Gerçek Aşk Nedir? Peki!!! Ya Bu Aşk, Bir Türlü Bir Gün Biterse Neler Yaplamalıyız?

Aşk, insanlara mutluluğu tattıran en önemli duyguların başında geliyor. Ancak aşkı yaşamak ne kadar güzel olursa olsun, onu kaybetmek de mümkündür, terk edilmek de. Zaten etrafımıza şöyle bir baktığımızda gözü yaşlı bir çok kadın ya da erkeğe rastlamamızın en büyük nedeni de budur. Zamanında hepsi, gerçek aşkı bulduğunu zannederek ona tutunduğu ve bu insanların gün gelip de ellerindeki aşkı kaybettiklerini gördüklerinde ‘elde var sıfır’ ile yüzleşmişler ve üzülmüşlerdir. Uzun süreli ilişkilerde günlük hayatın tüm alışkanlıkları paylaşılır. İki aşık olmanın yanı sıra aynı zamanda iyi bir iki dost ve hayat arkadaşı haline gelinir. Kişinin yaşamının büyük bir bölümü haline gelmeye başlayan böylesi bir ilişkinin kaybı ise sadece bir aşk ilişkisinin değil, hem sevgilinin hem de yegane yol arkadaşının kaybıdır ve kişide onarılması zor yaralar açabilir. Özellikle böylesi ilişkilerin sonlanmasından sonra kişi, ‘kayıp duygusu’nu çok daha derin yaşar. Üstelik çoğu ilişki ise sevgi tükendiği için bitmez. Sevgi devam ettiği halde terk edilmek ise ayrılık acısını arttırır. Çünkü burada ayrılan kişi ayrıca istenilmemek gibi en önemli değersizlik duygusuna neden olan ayrı bir kavramada katlanmak zorundadır. Beraber olunan kişi ile olan beraberlik ne kadar güzel, ne kadar özel ise kaybetmek ve buna katlanmakta o kadar güç olmaktadır. Esasında bunun bir  bağımlılık ve alışkanlık olduğunu kişi ancak kaybettikten sonra anlar. Ayrılığın ardındaki ilk günleri daha zor geçmektedir. Ama zamanla onsuzda olunabileceğini görmek kişide ayrı bir güven duygusunun doğmasına neden olur. Sonuçta aşk, kişinin kendi canını düşünmeden vereceği, yani dünyada en önemli duygu olan ben duygusunun ötesine geçen bir duygudur. Peki bunu çevrenizde kimin için yapardınız??? Sanki cevaplarınızı duyar gibiyim… Evet bende hayatta bunu tek bir varlık için yapardım. İşte gerçek aşk bu… Hayatta Allah kimseye evlat acısı vermesin ama bana başvuran danışanlarımdan gördüğüm ve öğrendiğim ona bile zamanla alışıldığı.  Koşulsuz sevgiyi, beklentiyi, emeği, duygusal paylaşımı, gözlerindeki parıltıyı, saf sevgiyi kimden görüyor yada hissediyorsak ondan ayrılmak o kadar güç olmaktadır. Belki de bu yüzden bu ufak varlıklara aşığız.

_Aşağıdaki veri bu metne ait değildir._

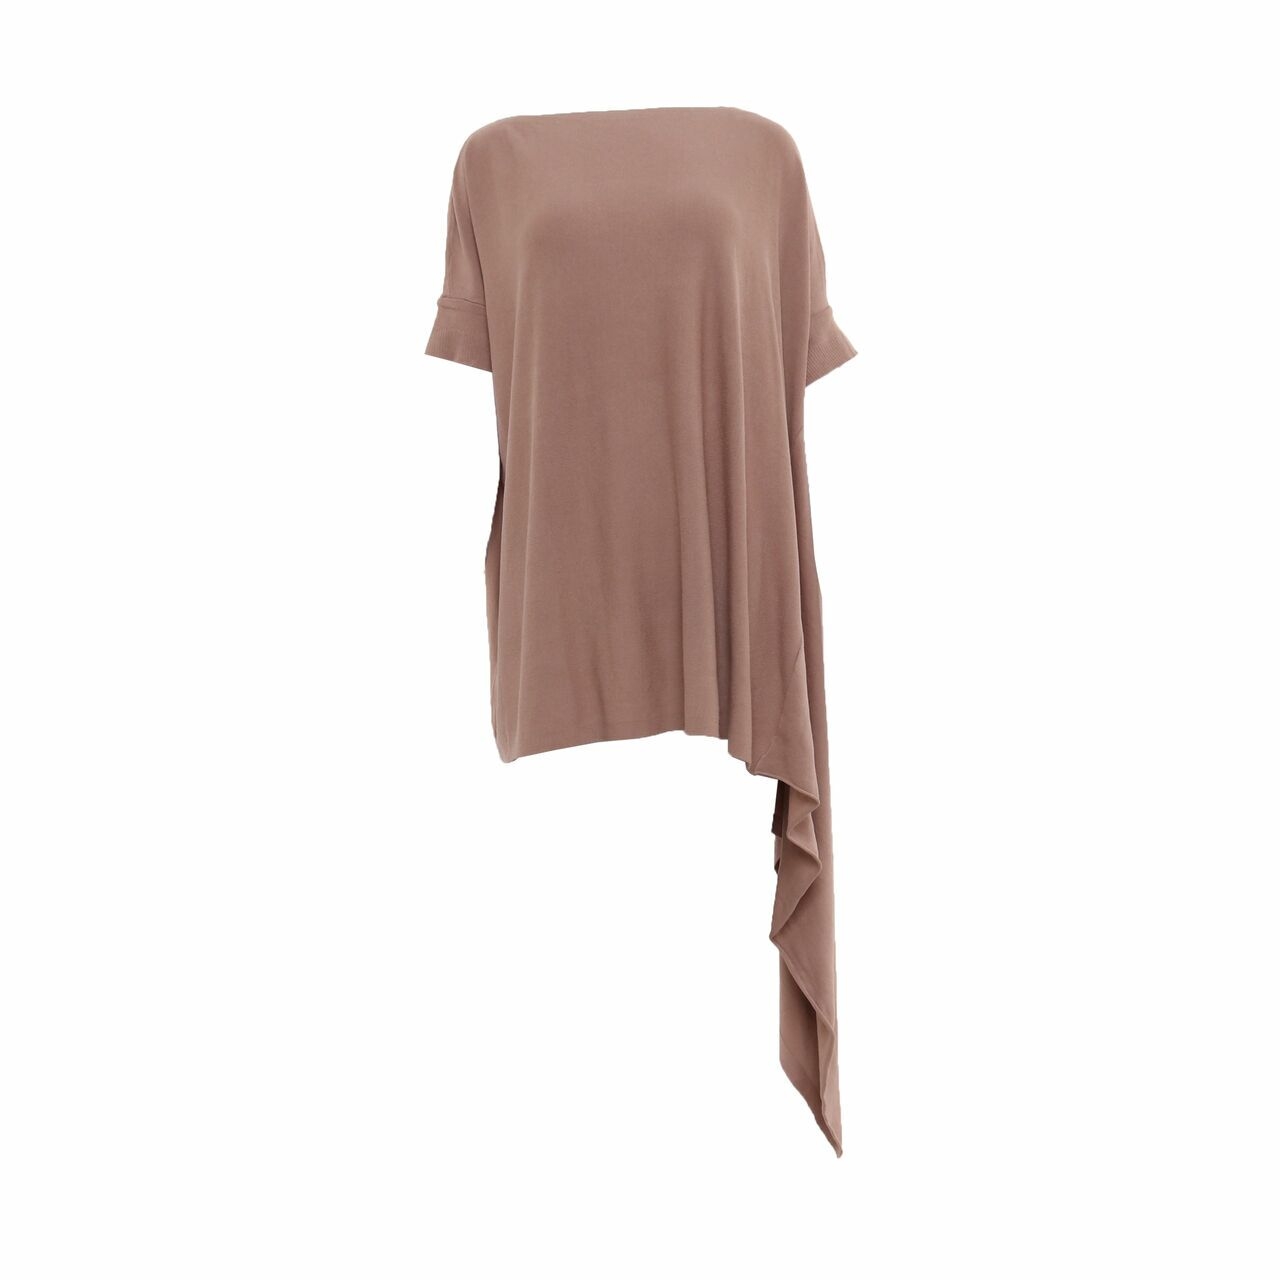 Uptown Girl Nude Knit Blouse

Peki ikili ilişkilerdeki aşk kavramı bitince ne olmakta??? Hep ayrılıkta neler yapılması gerektiği konuşulur. En büyük aşklarda bir gün bitebilir. Birisi bir gün gelir ve “artık sana karşı benim aşkım bitti” diyebilir. Yani her duygu yaşanarak biter. Ayrılıkta ortaya çıkan üzüntülerde yaşanarak biter.Yani bir kişi bir ilişkinin bittiğini idrak edene kadar hep bir umutla bir gün onun döneceğini düşünür. Ne zaman ki hiç umudu kalmaz, işte o gün ayrılığa alışmaya başlar. Bu bir süreçtir ve bu süreç o kişi ile olan  yaşadığı ilişkinin kalitesi ve kendi kişilik yapısı ile çok alakalıdır.  Yine; ayrılık sonrası dönemde dikkat edilmesi gereken noktaların başında alkol ve uyarıcı gibi maddelerden olabildiğince uzak durulması ve uzman bir hekime danışılmadan herhangi bir ilaç kullanmaması gerekir. Bunun yanında yakın dostlarla dertleşmek, iş veya hobilere daha fazla vakit ayırmak ve günlük hayata geri dönmeye çalışmak gerekir. O kişi ile paylaştıklarınızı zamanla tek başına yada başka bir kişi ile de yaşadığınızı gördüğünüzde artık, onunla gidilen yerler, sinemalar, içilen kahveler sadece ayrıldığımız kişiyle olan anılarımızı süslemeyecektir. Sevginin insana yakışır taraflarından birisi de; o kişiyi yitirdikten sonra bunun yasını tutabilmek, hatta doya doya ağlayabilmektir. Ama maalesef ayrılık yaşandıktan sonra insanların içine düştüğü en büyük yanılgılardan bir tanesi de ‘çivi çiviyi söker’ mantığıdır. Genellikle yalnız kalmaktan korkan kişilerin başka biriyle avunma isteğiyle veya çevreye karşı terk edilmişliğin ezikliğinden kurtulmak için yapılan bu eylem, aslında aşkın doğasına aykırıdır. Kaybedilen bir sevginin yasını tutmadan başka bir ilişkiye girmek, aslında bir sonraki ilişkide yaşanabilecek problemlere davetiye çıkartmaktan başka bir işe yaramaz.  Çünkü ayrılığın hakkıyla yaşanması, kişinin daha sonra yaşayacağı ilişkilerin de daha sağlıklı olmasına neden olmaktadır. Çünkü ayrılıktan gerekli ders ve olgunluğu çıkartamayan kişi, geride kalan ilişkisinin tüm zaaflarını da üzerinde, dolayısıyla da yeni ilişkisinde de taşımaya devam etmektedir.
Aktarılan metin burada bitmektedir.